Yesterday I over heard someone say 'Who cares about a tax on high strength beers, it's just a bunch of extreme brewers and beer geeks'. The multi-layered ignorance of that statement led to an outpouring of empassioned vitriol. I wasn't happy.
Was he right though, does this just affect a bunch of extreme brewers and beer geeks? No, but the effects do not just relate to personal fiscal issues or the wider reaching economic implications either, they relate to things that are far less tangible; Expression, creativity, passion, entrepreneurship, pride, invention, personal adventure, pushing boundaries.
The financial implications are ones we can all understand. A £4 bottle of beer over 7.5% is now £5. If you buy one bottle per week, not such a big deal. If you buy 10, that figure just added £40 to your monthly outgoings. That £40 might not sound a lot, I mean £40 a month isn't much right? Well, yes it is. For folk with kids and responsiblities, that £40 is quite often spent elsewhere already, an extra £40 for something you already buy means you start buying less, or even stop buying it. I have no responsibilities aside from a dog and I'll be buying less beer.
So we buy less high abv beer and the readers of the Daily Express who believe the man driving Diana's car was fueled by Fullers Vintage will clap loudly and feel proud that we as a nation are making a stand against the heathen beer geeks who have such a negative social impact. Of course, because we buy less high abv beer, microbrewerys make less money, because they sell less beer at high margin and then independent retailers have smaller beer choice because they can't sell it to the customer. So now we've not only impacted on the consumer, we are impacting the producer and the distributor. So the negative social externalities increase, not decrease. Not sure Mr Pigou had that in mind when he developed his taxation system....
Surely though, less people drinking high abv beers reduces the social costs brought about by the use of emergency services, public bodies like the NHS, insurance costs to repair the damage caused by rampaging drunkards? If the government had made any attempt to understand the difference between a bottle of Great Divide Yeti and Carlsberg Special Brew they might have realised that instead of solving a problem, they have actually created one.
The sad thing about this duty hike is that it is designed to combat a problem that barely exists, the negative social externalities brought about by the consumption of high strength beers. I am aware that certain elements of society consume cans of Tennents Super in parks and shout randomly at passers by. However, they are not in the park shouting at passers by BECAUSE they are drinking high strength beer, and pricing them out of high strength beer will not eliminate them from the park or change their behaviour when they start drinking supermarket value vodka instead. Treating the effects has no impact on the cause.
All those involved with microbrewing know that our industry is currently bouyant, we are bucking the global economic trend. Unfortunately we have a chancellor with a degree in modern history making economic decisions he doesn't really understand (for example, for those who don't know what 'quantitative easing' is, it's essentially a last ditch attempt to reverse a conventional financial process because you're heading into economic meltdown.

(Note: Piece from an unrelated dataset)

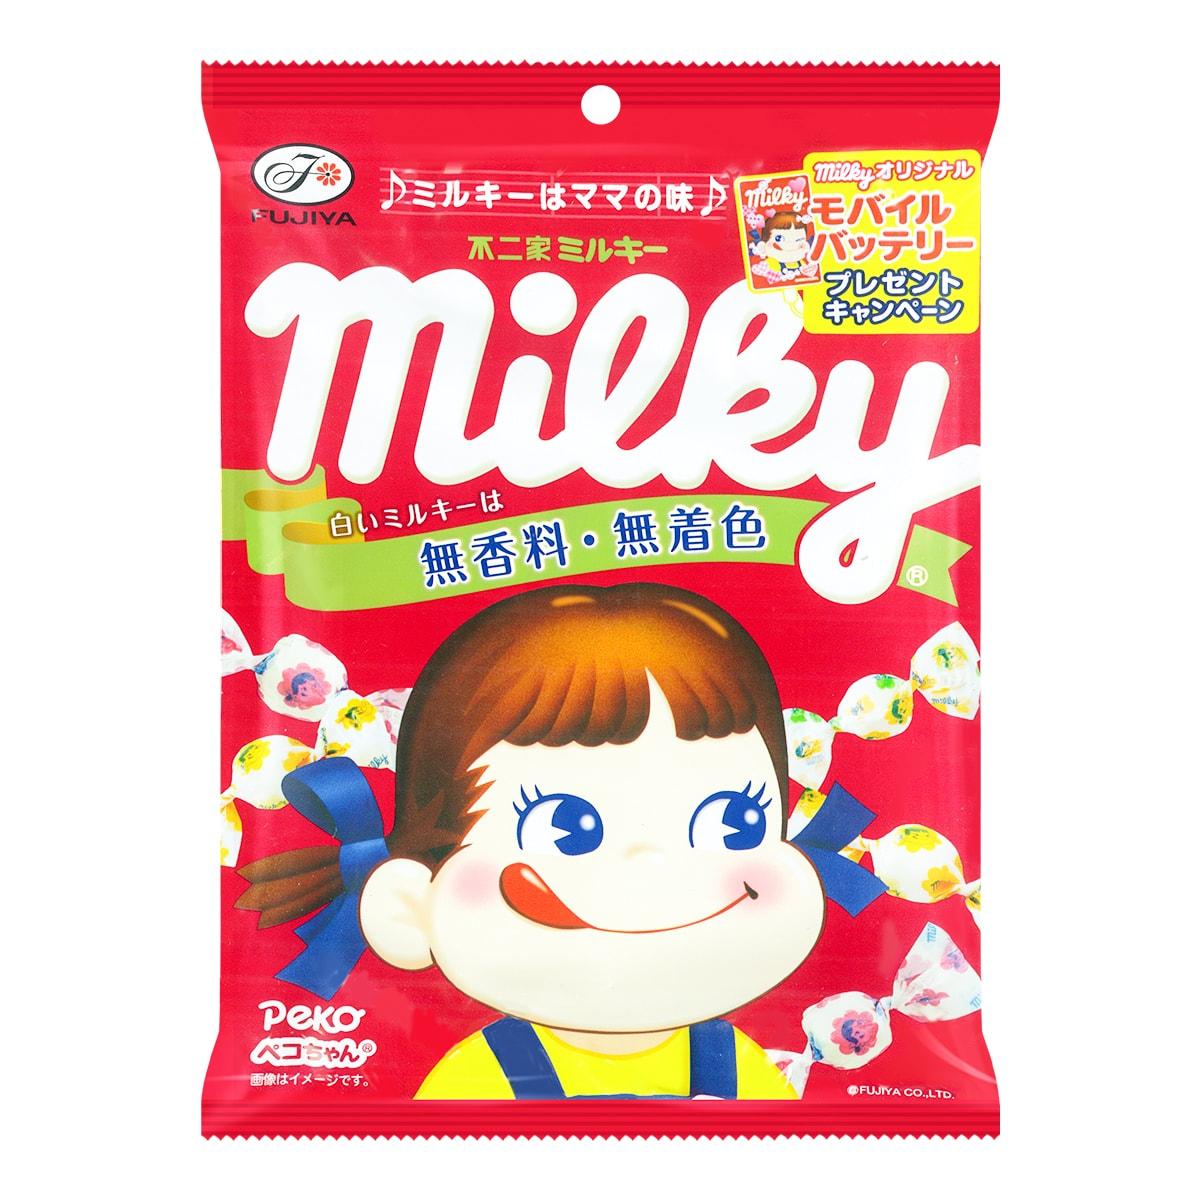 日本FUJIYA不二家 北海道香浓牛奶糖 120g
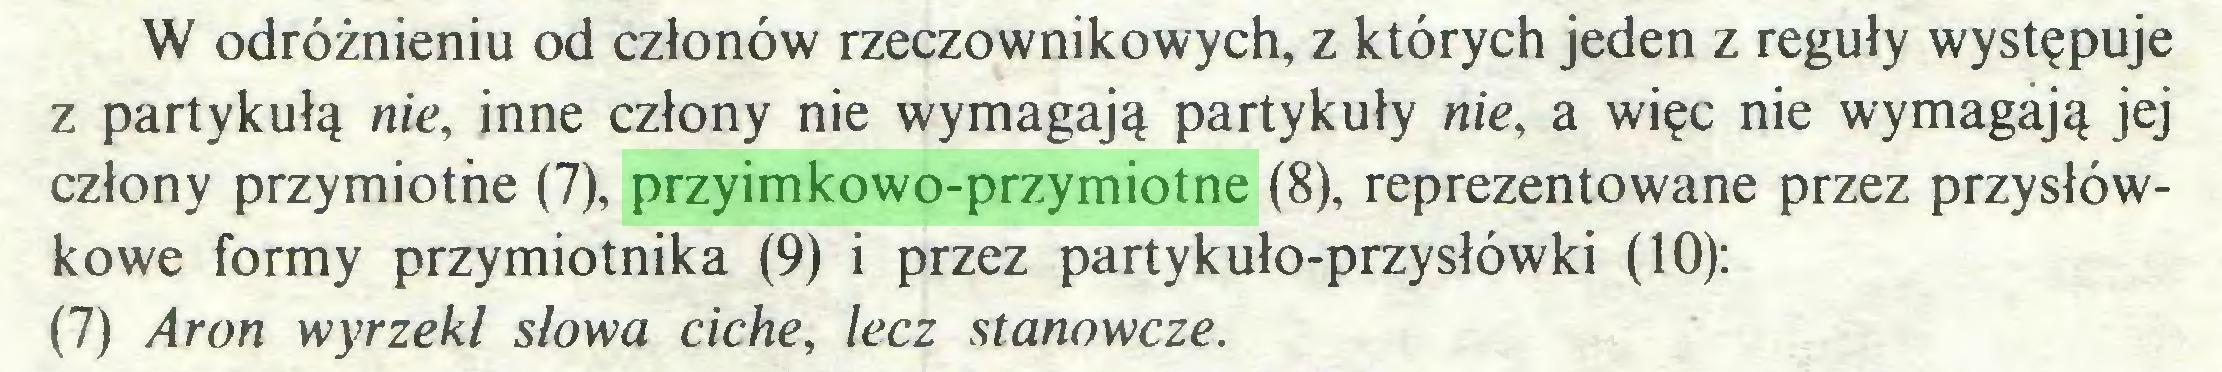 (...) W odróżnieniu od członów rzeczownikowych, z których jeden z reguły występuje z partykułą nie, inne człony nie wymagają partykuły nie, a więc nie wymagają jej człony przymiothe (7), przyimkowo-przymiotne (8), reprezentowane przez przysłówkowe formy przymiotnika (9) i przez partykuło-przysłówki (10): (7) Aron wyrzekł słowa ciche, lecz stanowcze...

Potential for failure is high and means banks could stop lending, or inflation goes through the roof - laymens terms).
I don't for a minute think this duty increase has been implemented to combat negative social externalities, and it most definitely not an example of pigouvian taxation. Those who were consulted for the Review of Alcohol Taxation were the likes of Heineken, Ab-Inbev, Molson Coors, SAB-Miller. Also, some Supermarket chains. Who has been left almost completely unaffected by this duty rise? Big breweries and supermarkets. Surprising? No.
Who has been affected by this? Small breweries (the ones who are bucking the economic trend, proving themselves to be more viable in the current climate and therefore worthy of government support) and independent retailers. The Chancellor said he was going to focus on micro-economics to get the country out of the recession, which is pretty meaningless anyway, but then makes a decision which absolutely the antithesis of that statement. Ergo, the chancellor is a gutless twat who is more interested in appeasing the lobbyists of big business (much of which is based overseas) than helping small local businesses grow enabling local economies to become bouyant and have a positive macroeconomic effect.
The very worst aspect though is this duty inhibits everything we hold dear to us in Britain. It inhibits our spirit, our passion for innovation and design, our love for striving for the best, for pushing ourselves creatively and it tells the non 'beer geeks' that high strength beers are bad, but 5% lager is good. It sends all the wrong messages to all the wrong people.
As usual, rich clueless people have made a decision which is wrong but easy, rather than making a decision that is right, but hard. Fuckwits.
What i hate about statements like 'Who cares about a tax on high strength beers, it's just a bunch of extreme brewers and beer geeks'. Is that in essence that statement is no different than "Who Cares about Racism , its just a bunch of Coloureds" Just because your not part of that group is not a reason not to care, or not to see what might be inherently wrong.